Cumulard sans scrupule, il se vit aussi confier la direction du plan quadriennal et celle de l’armée de l’air. Mais dans l’économie tout comme dans l’aéronautique, l’ancien as de l’aviation se révéla terriblement incompétent. Pas assez tout de même pour ne pas voir l’impréparation de la Luftwaffe. Par un saisissant paradoxe, le commandant en chef de l’armée de l’air chercha à tout prix à éviter la guerre. Sans doute pour deux raisons : il voulait jouir en paix de ses richesses et avait surtout conscience d’aller à la catastrophe… A plusieurs reprises, lors de l’annexion de l’Autriche et de la prise des Sudètes – respectivement en mars et septembre 1938 –, ses négociations en sous-main évitèrent des effusions de sang. Malheureusement pour lui, ses talents de conciliateur exaspéraient le plus fanatique des bellicistes : Adolf Hitler.

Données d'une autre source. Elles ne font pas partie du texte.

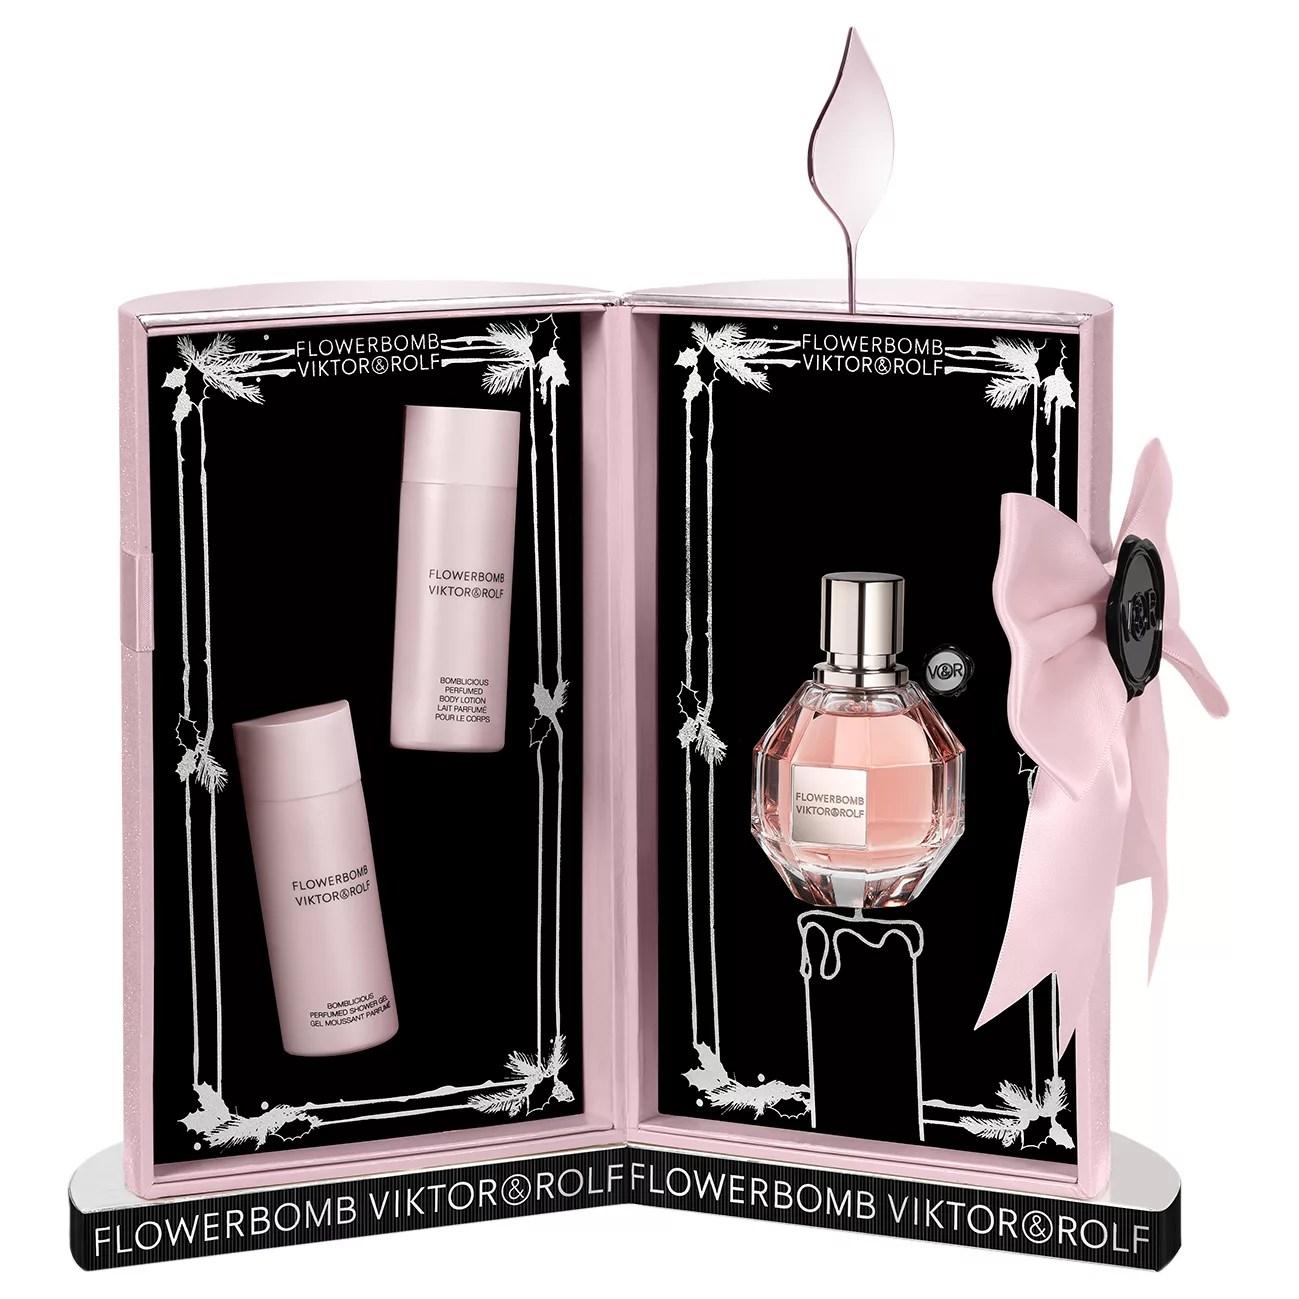 Viktor & Rolf Flowerbomb 50ml Eau De Parfum Fragrance

Pourtant, le Führer se garda bien de se séparer de son fidèle paladin. Aux dignitaires du parti qui se plaignaient des frasques de Göring, le chef du Reich répliquait inlassablement : « Laissez-le donc tranquille. C’est le seul qui puisse assumer la représentation. » Fin psychologue, le maître du Reich savait jouer comme personne sur la cupidité et la vanité de son protégé. Hitler détestait les mondanités, Göring en raffolait. Ses multiples châteaux et résidences ne désemplissaient pas de visiteurs étrangers comblés par la prodigalité de cet hôte un rien fantasque et par son incroyable collection de tableaux.

« Le Gros », comme l’appelaient affectueusement les Allemands, présentait la face joviale et fantaisiste d’un régime glaçant. Avant-guerre, les Britanniques l’avaient vu comme un modéré et les Français comme un cabotin : « Il aime trop les hochets pour être très mauvais », avait écrit à son propos l’ambassadeur Robert Coulondre. Voire. Personne n’avait alors compris que Göring était un ogre. Le maréchal aux 130 kilos se gavait d’honneurs, de trophées, d’œuvres d’art et même de bijoux. Stupéfait, le chef d’état-major de l’armée italienne le décrivit en 1942 « jouant avec les pierres précieuses comme un petit enfant avec des billes ». L’étendue de ses possessions donne encore le tournis : plusieurs trains, de nombreux yachts, une demeure dans l’Obersalzberg, sept pavillons de chasse en Poméranie, une somptueuse résidence à Berlin bordée par une rue rebaptisée à son nom, un château à Neuhaus et enfin le Carinhall, musée personnel qui abritait, entre autres « commodités », un jeu de trains miniatures avec 1 800 mètres de voies ferrées et une fosse aux lions garnie de vrais fauves parfumés à l’eau de Cologne.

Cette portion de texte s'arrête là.